Maynard Institute archives

A Shocking, Undercovered Story of Crime, Class, Race

African American Abortion Doctor on Trial in Philly

Journalist-Turned-Car Dealer and Other Personal Stories

J-Professor Tracks Gang Legacy of Central America’s Wars

Irish Nanny’s Illegal Status Doesn’t Rate Top Billing

Rand Paul’s Speech at Howard U. Called a Dud

“42” Film Captures the Hero, but Maybe Not the Human

Public Broadcasting Said Underfunded for Covering Gun Violence

Short Takes

Anti-abortion advocates stand outside abortionist Kermit Gosnell's "Women's Medi

African American Abortion Doctor on Trial in Philly

Two years ago, a headline writer wrote this over a story by Lynette Holloway for the Root: “Abortion doctor Kermit Gosnell has been charged with eight counts of murder. Both sides of the abortion debate are having a field day with this case. But what happens to poor women of color facing unwanted pregnancies?”

Dr. Kermit Gosnell (Credit: Philadelphia Police Department)

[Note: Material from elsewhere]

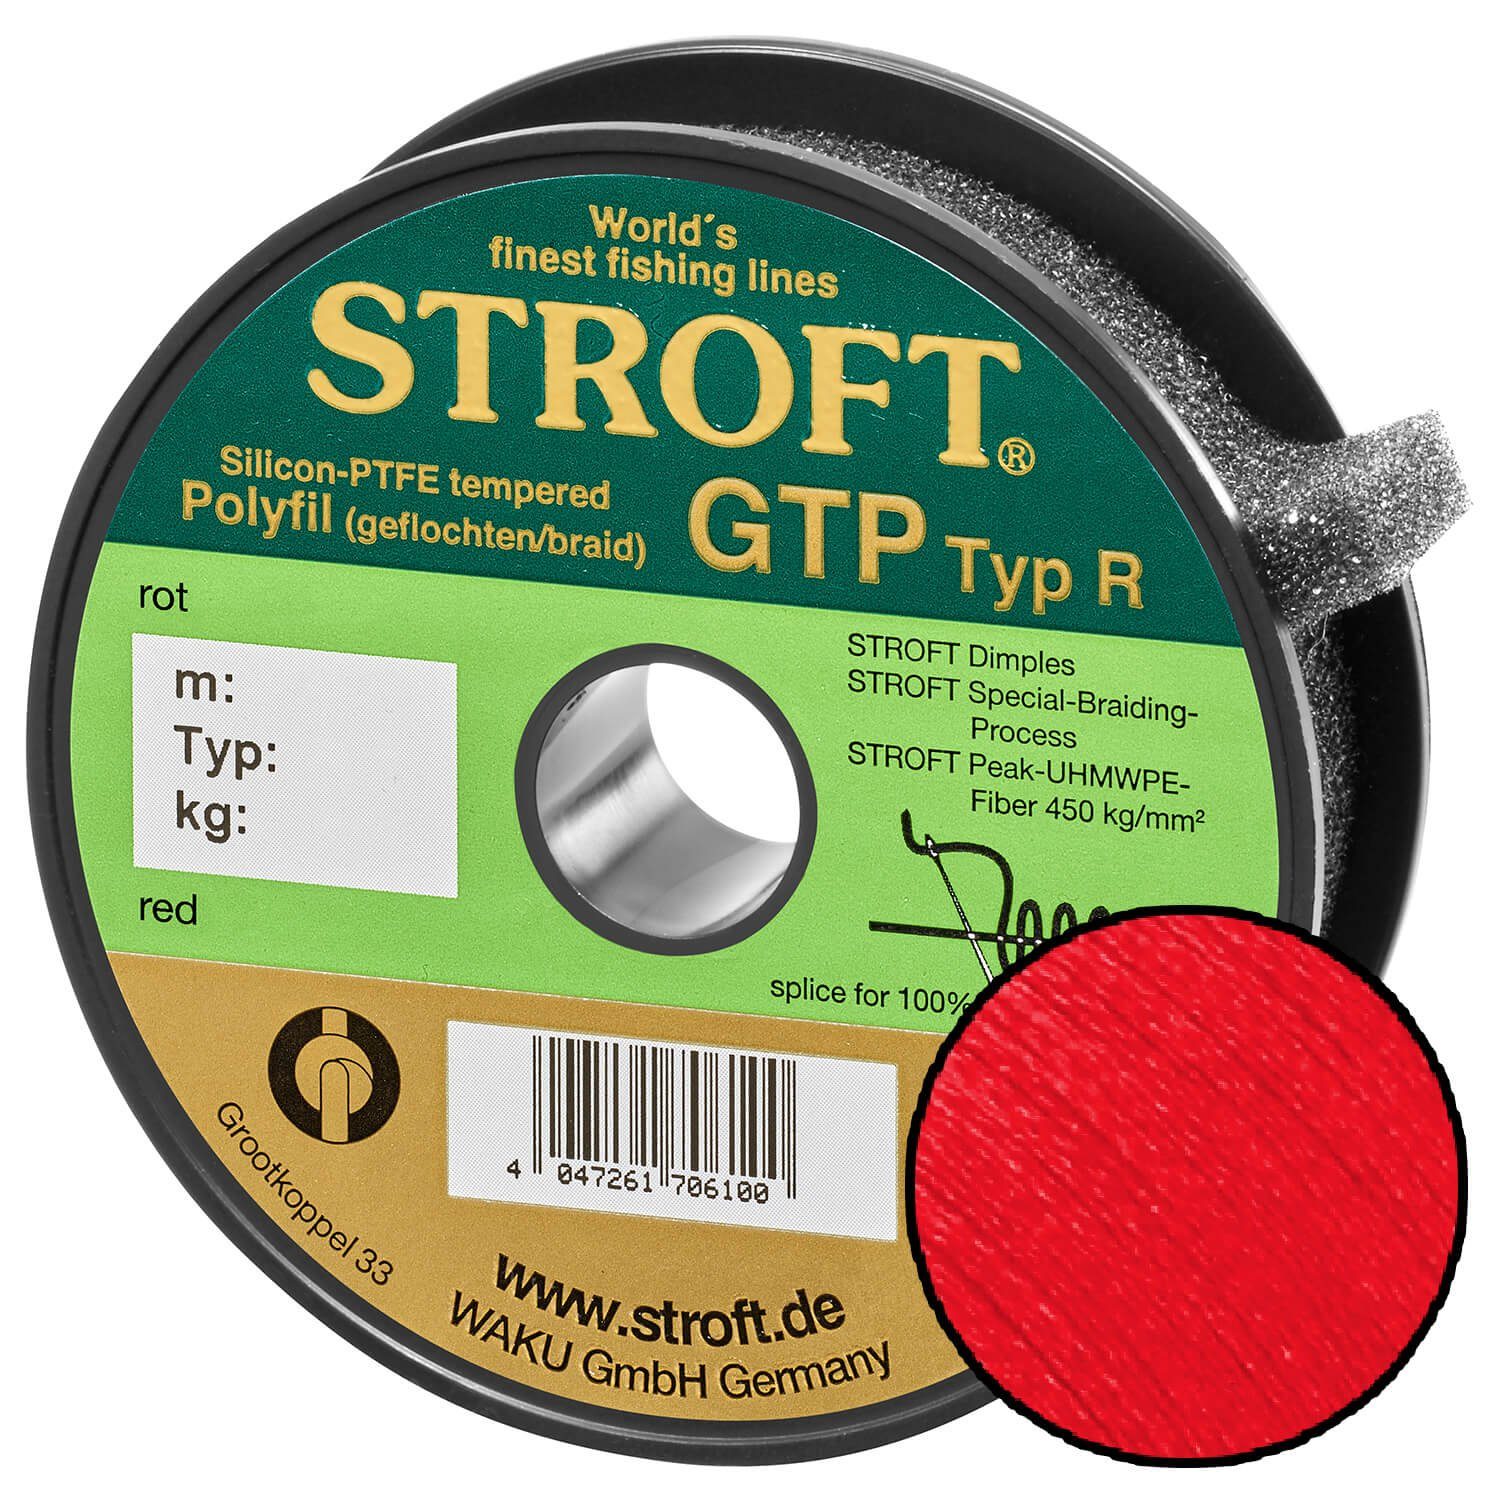 Stroft Angelschnur STROFT GTP Typ R Geflochtene Angelschnur 200m rot, 200 m Länge, 0.18 mm Fadendurchmesser, (1-St), 5.5kg Tragkraft

Holloway wrote, “The grisly murders and gruesome discoveries inside Kermit B. Gosnell’s West Philadelphia abortion clinic leave one wondering what would make mostly poor, minority women so desperate that they would utilize his filthy clinic, where body parts of dead fetuses allegedly were stored in jars that lined the shelves of the macabre scene.”

She included this figure: “Overall, African-American women account for 36.4 percent of all pregnancy terminations in the United States, although blacks make up only 13 percent of the population, according to the Centers for Disease Control and Prevention.”

Now Gosnell, himself African American, is on trial, and in the last two days the Internet has seen a dramatic rise in commentary asking why the Philadelphia case hasn’t received national media attention.

Obviously, conservatives believe the media is ignoring this story because it’s about abortion, and the lefties who run our media empires hate stories that put abortion in a bad light,” Kevin Drum wrote Friday for Mother Jones. “Alternatively, it could be because it’s a Philadelphia story, and the national media doesn’t usually give a lot of time to local cases like this. Frankly, I don’t know — though I’ll note that even the conservative media didn’t give it a huge amount of coverage until fairly recently, when Gosnell’s trial started. . . .”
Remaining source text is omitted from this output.